Les représentations, les manières et les pratiques évoluent, le tout, dans un imbroglio tragicomique mémorandaire total. Les emprunts de toute sorte auprès des banques ne seraient plus honorés à hauteur de 30% selon la presse des derniers jours, et il manquerait déjà un certain nombre de milliards à la collecte des impôts. Déjà, d’après mes observations, de nombreux commerçants et en nombre croissant, abandonnent “l'habitude” de la facturette, tout comme un grand nombre d’entreprises, 20% à 40% selon les estimations, ne reversent plus la TVA à l’État. Il y a de quoi en faire une crise dans la crise, la tension monte entre Samaras le docile et les Troïkans, ces derniers exigent des mesures supplémentaires, et lorsqu’ils les obtiennent, ils constatent trois mois plus tard, “que les objectifs n'ont pas été atteints”. D’où sans doute ce triste épisode de l’accident vasculaire cérébral la semaine dernière à l’intérieur même du ministère des Finances, et dont un membre de la délégation de la Troïka, a été la victime. Giovanni Callegari 38 ans, représentant de la BCE au sein de la Troïka, fut aussitôt conduit dans un hôpital privé, heureusement, l’homme a été sauvé et ses jours ne sont pas en danger, ce qui a provoqué un véritable choc au sein de la délégation troïkanne mais également, chez les “négociateurs” grecs, d’après la presse athénienne.

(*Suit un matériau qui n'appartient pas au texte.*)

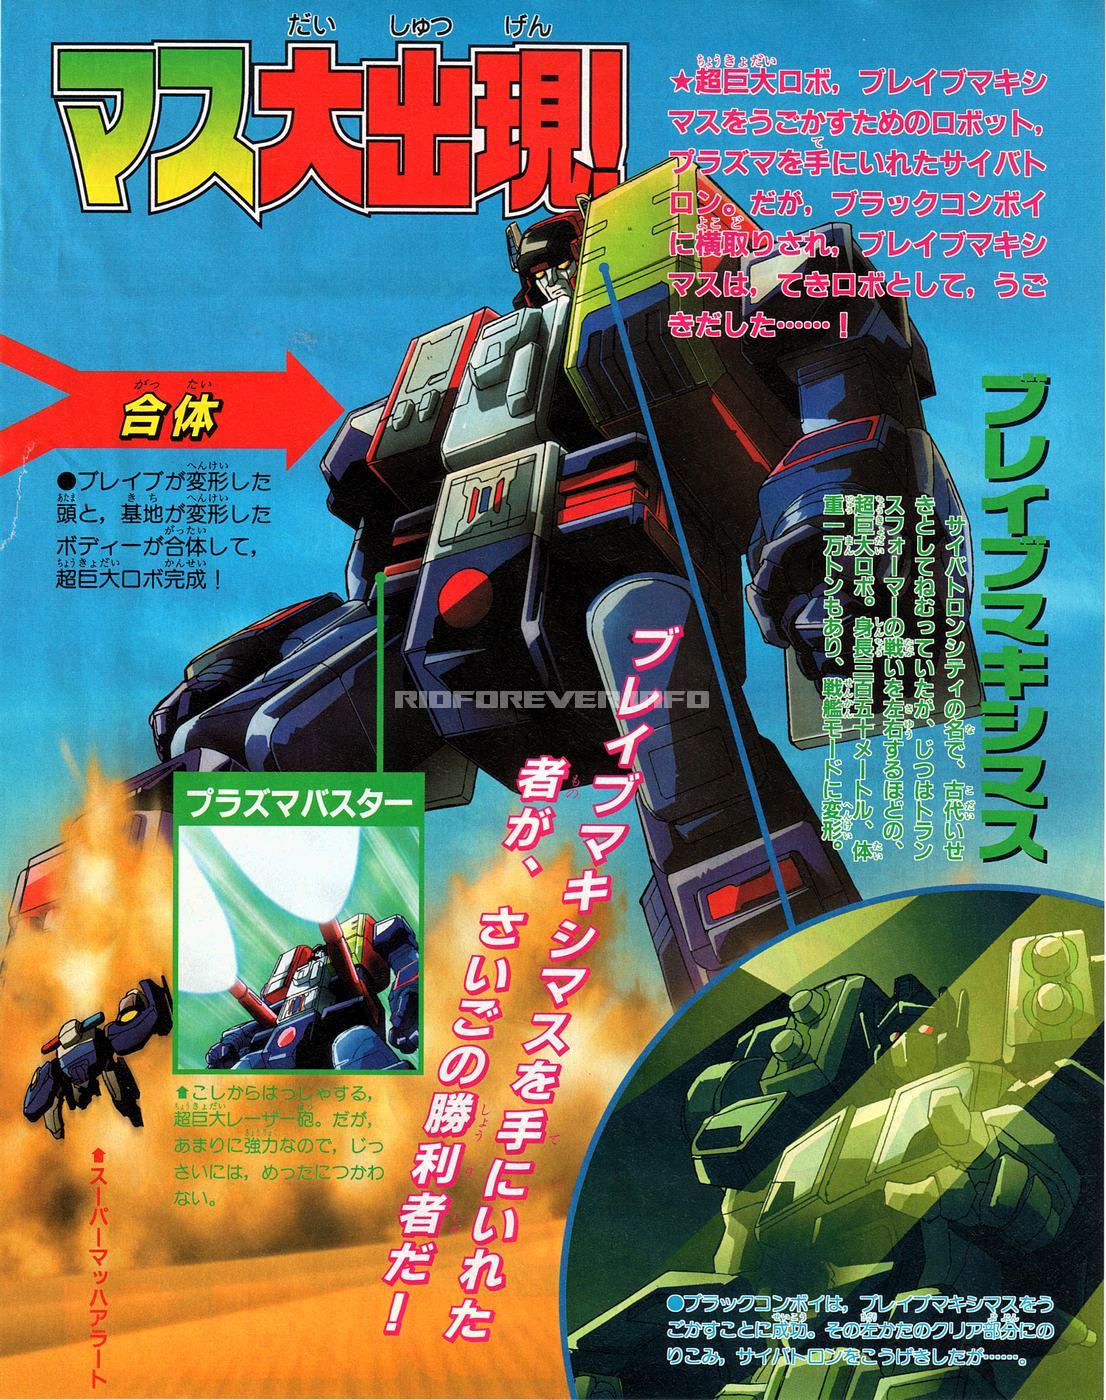 TV Magazine 2000-12-10-1

Giovanni Callegari a été sauvé mais nous, pas encore. Sur les murs d’un hôpital public athénien, un slogan exprime ce “Non à l'obligation des 5 euros” par consultation. Et c’est à la sortie du métro le plus proche le 8 avril, qu’un homme désespéré, une pancarte à la main, dénonçait “la direction de l'hôpital d'Hippocration pour terrorisme, visant un individu sans ressources car comme ce dernier ne disposait pas de ces 5 euros, il a été mis à la porte, Non au terrorisme”. L’époque est rude, mais elle demeure poétique, au sens même premier du terme. Sur un mur de ce même hôpital une main anonyme a écrit ce poème bien connu d’Odysseas Elytis: Le Soleil: “Belle et étrange patrie que celle qui m’a été donnée”. Et de l’autre côté de ce même mur, le mendiant “attitré” des lieux, un homme souffrant des troubles d’ordre neurologique d’après les commerçants de la rue.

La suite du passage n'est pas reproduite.